Так как, по Эсхилу,
467 сл.:
…Не к добру и чрез меру слава, —
но эта чрезмерная слава и счастье вызывают гнев богов,
467—470:
От Зевесовых очей небесный гром падет.
И счастья челн вдруг в море налетает
На камень, скрытый под водой.
Сюда же надо отнести и следующие метафоры.
639—656:
Острый меч справедливо вонзается в грудь;
И такого удара нельзя оттолкнуть,
Если кто, уклоняясь от правды, блуждает,
Благочестия к Зевсу в душе не питает.
Корень правды опору находит всегда,
И судьба в свое время мечи изощряет:
Возвращается в дом дочь убийства, беда,
И кровавой Эринния жертвы желает.
1534:
А правды оружье для казни злой рок
На новое дело опять навостряет,
О новый точит оселок.
Все это заставляет уже иначе оценивать моральное бытие Правды. Этому способствуют и такие малопонятные (если признать абсолютную моральность Правды) выражения, как
461:
Пусть Арея встречает Арей, Правда — Правду, —
ИЛИ
1025—1029:
А если б рок, указанный богами,
Другому року не мешал
Идти свободными путями,
Язык бы наш не поспевал
Все изливать, что сердце ныне чует.
Предполагается, следовательно, возможность двух правд.

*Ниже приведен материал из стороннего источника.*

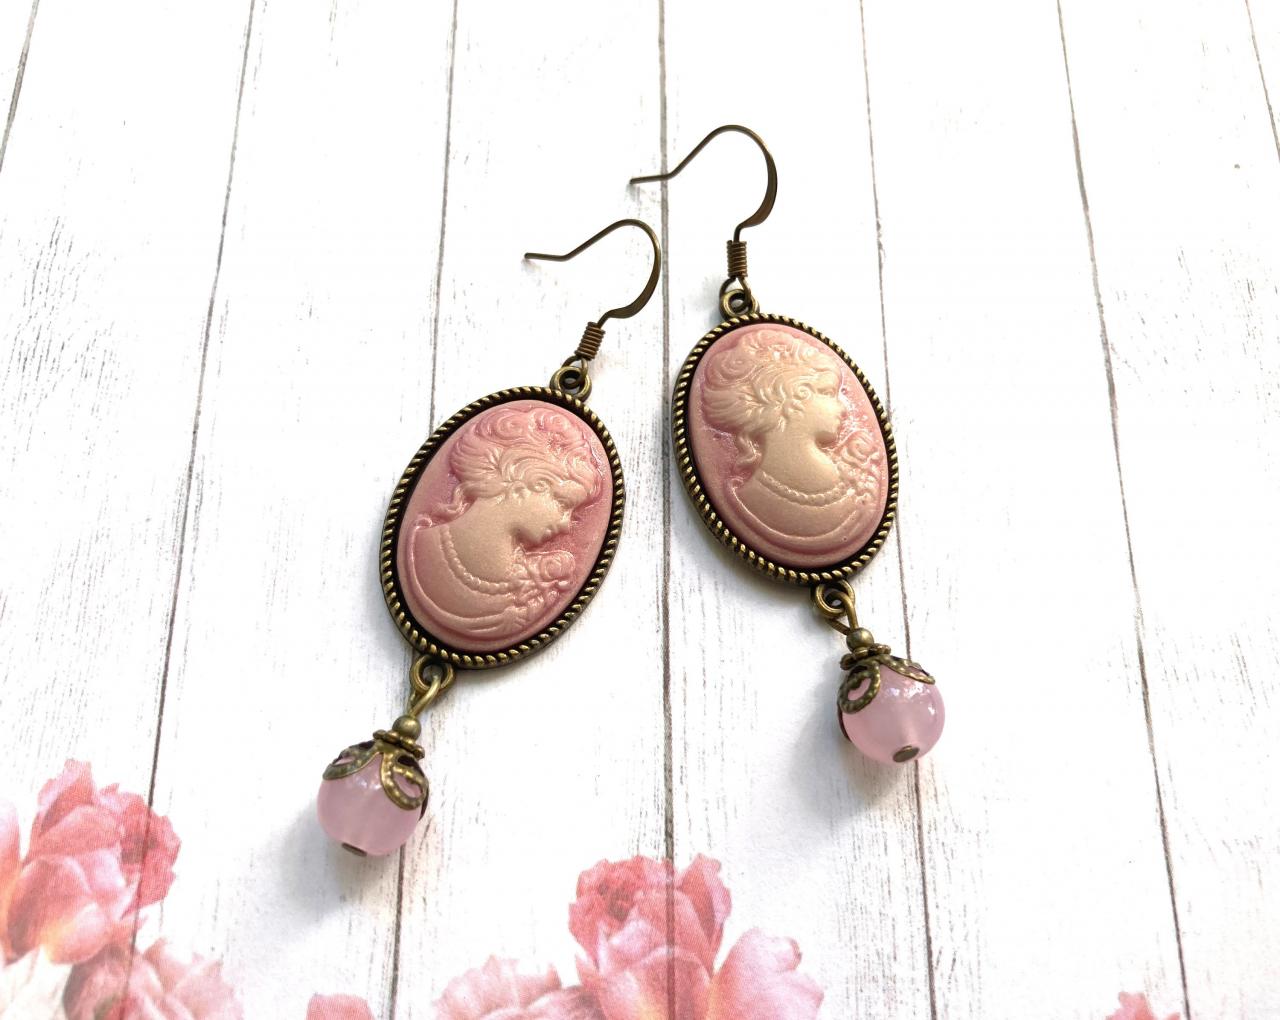 Vintage Inspired Cameo Earrings With Glass Pearls And Filigree, Selma Dreams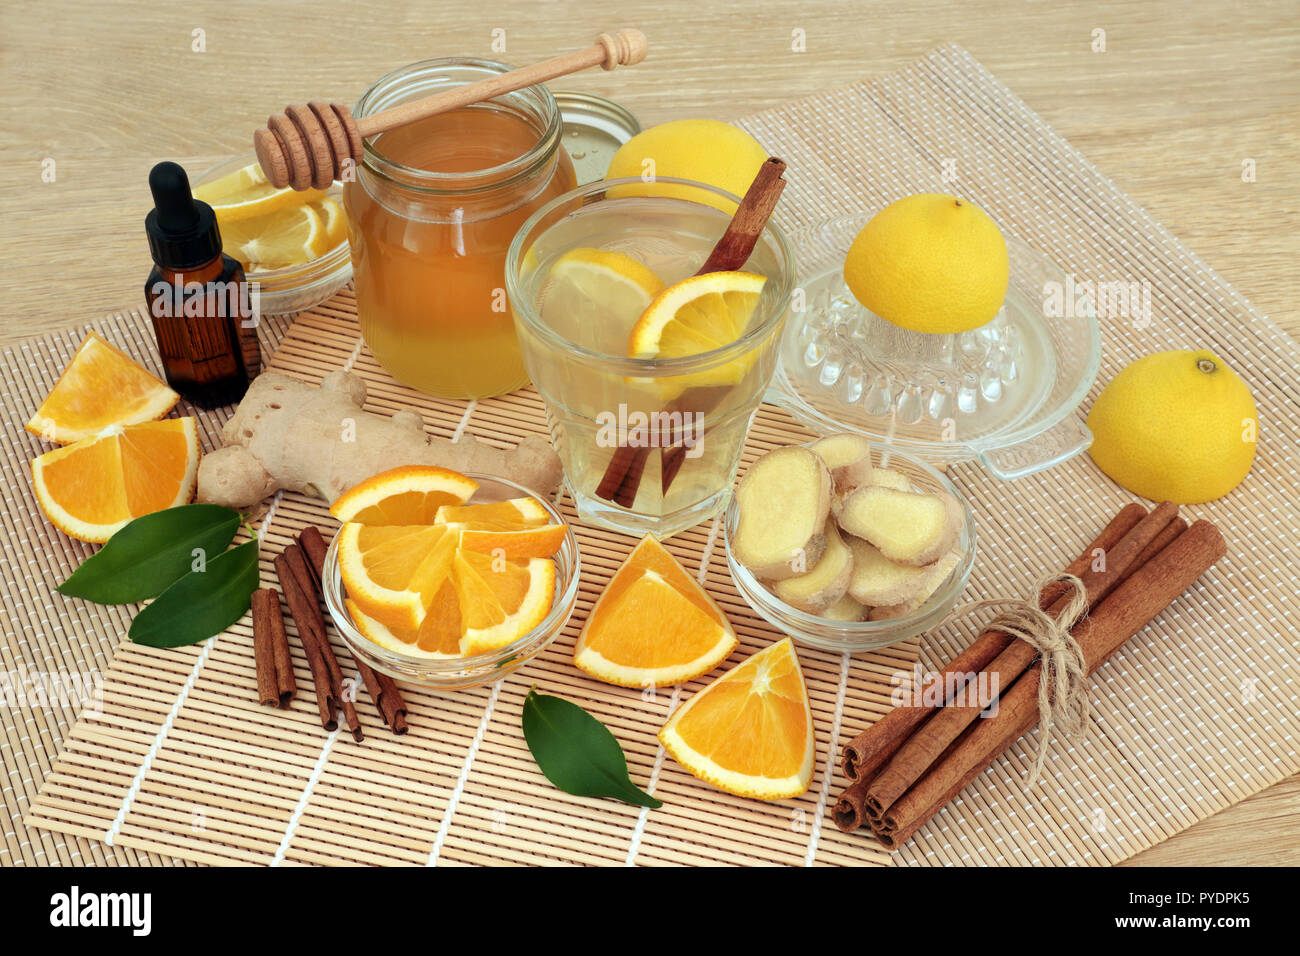 Ingredients for cold and flu remedy with ginger and cinnamon spice, eucalyptus aromatherapy oil, orange &lemon fruit with honey drink on bamboo mats. Stock Photo

Неясен также моральный облик Эринний, Аты, Аласто–ра. В их поступках очень трудно провести границу между возмездием Оресту и самостоятельным причинением зла ему. Скромная и нежная Елена, которая привела Трою к погибели, сравнивается со львенком, которого воспитывали и ласкали люди, пока он рос, и который перерезал однажды скот, «не дожидаясь приглашения к обеду» (717—736). При этом читаем,
735—736:
Рока каким–то жрецом
Божье наслание это
В доме вскормили своем.
Т. е. Ата — тот же львенок, коварный и не помнящий добра. И такая квалификация Аты обычна. Напр.,
764—771:
Преступленье давнишнее часто рождает.
[244] У недобрых проступков другой
Иль сейчас, или после, когда наступает
Для рождения день роковой,
И тот дух несразимый, войне непокорный,
Недоступный всем чувствам святым,
Дерзновенье в чертогах той Пагубы черной,
На родителей видом похожей своим.
Наряду с этим (число примеров можно было бы намного увеличить) встречаем в том же «Агамемноне» мысль о полной солидарности Аты и Зевса.
355—366:
О владыка Зевес и любезная Ночь»
Ты, владычица пышных узоров,
Над твердынями Трои простершая сеть
И покрывшая так, что уже никому.
Ни большому, ни малому, не одолеть
Сети рабства великой —
Все губящего рока той сети.
Слава Зевсу, великому богу гостей,
Совершившему это, — свой лук уж давно
Он рукою нацеливал на Александра,
Чтоб, до срока слетев иль в надзвездную высь,
Не пропала стрела понапрасну.
Здесь Ата вредит людям и — «слава Зевсу»…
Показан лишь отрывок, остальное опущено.